Нос «Деда Мазая» касался отмели, за ней желтела плоская сухая полоса, а дальше курчавилась зелень откосов. Донби и Сушкин сбросили с бака (так называется носовая палуба) в воду конец гибкого трапа. Звякая маленькими вёдрами, вброд сошли на песок. Стали подниматься по откосу среди полыни и бурьяна. Одуряющее пахло летом. Гудели шмели. Сушкин с ведёрками шёл впереди, Донби подталкивал его сзади двумя клювами… ну, понятно, в какое место. Наконец поднялись на высокую кромку. «Дед Мазай» на синей воде казался с высоты маленьким, как модель в музее. Капитан Поль — тоже маленький — махал с бака фуражкой. На его лысине сиял блик. Сушкин пожалел, что не взял бескозырку, было бы так здорово помахать ей с откоса — дядюшке Полю, пироскафу и умытому грозой простору. Он помахал ведёрком

И пошли добывать кашеварий.

Пекло солнце, горели вокруг жёлтые цветы осота и львиного зева, носились бабочки. Всюду громоздились круглые бугры. У подножья одного бугра Донби остановился.

— Вот здесь подходящее место, — сказал Дон.

— Откуда ты знаешь? — не поверил Сушкин. Всюду была густая трава.

— Чутье, — объяснил Бамбало. Донби крепкими когтями начал раздирать и разбрасывать травяные плети. Скоро открылась красноватая проплешина.

— Вот, — сказал Дон голосом удачливого кладоискателя.

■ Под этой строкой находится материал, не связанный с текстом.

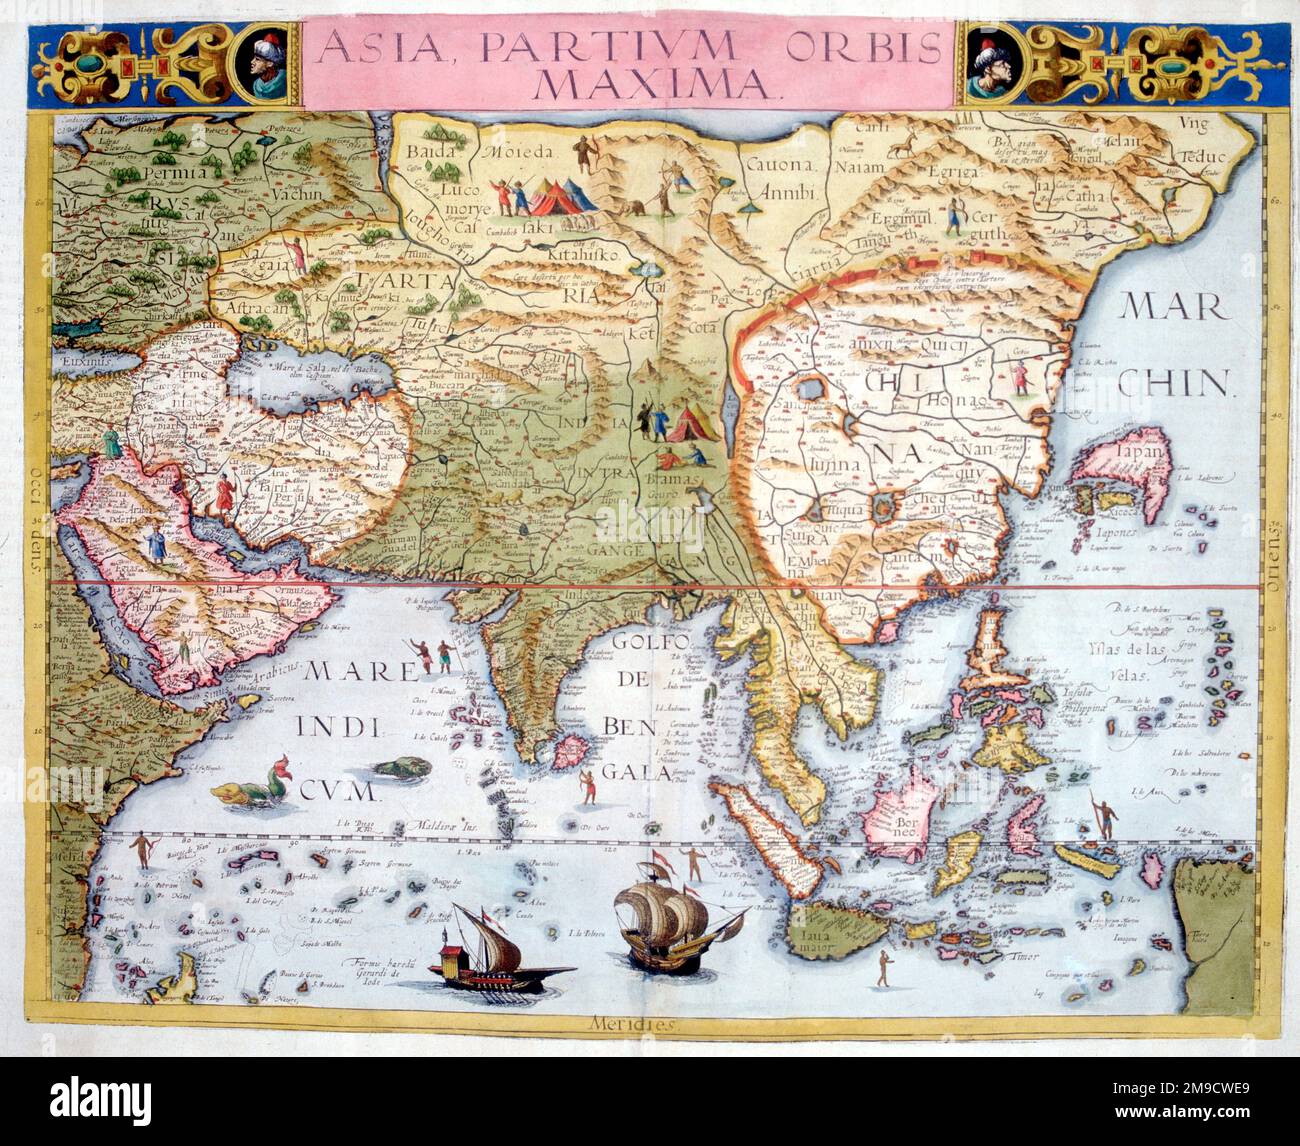 !Karte des 6. Jahrhunderts - Asien Partium Orbis Maxima Stockfoto

— Ой! А лопату никакую не взяли! — спохватился Сушкин.

— Обойдёмся, — решил Дон.

Донби заработал могучими лапами, как экскаватором. Скоро перед Сушкиным выросла глинистая груда. Правда, была она не красного, а коричнево-бурого цвета («Кажется, называется „терракота“», — вспомнил Сушкин)…

— Вот. Поль будет доволен, — бархатным голосом сообщил Бамбало. — Том, загружай ведра…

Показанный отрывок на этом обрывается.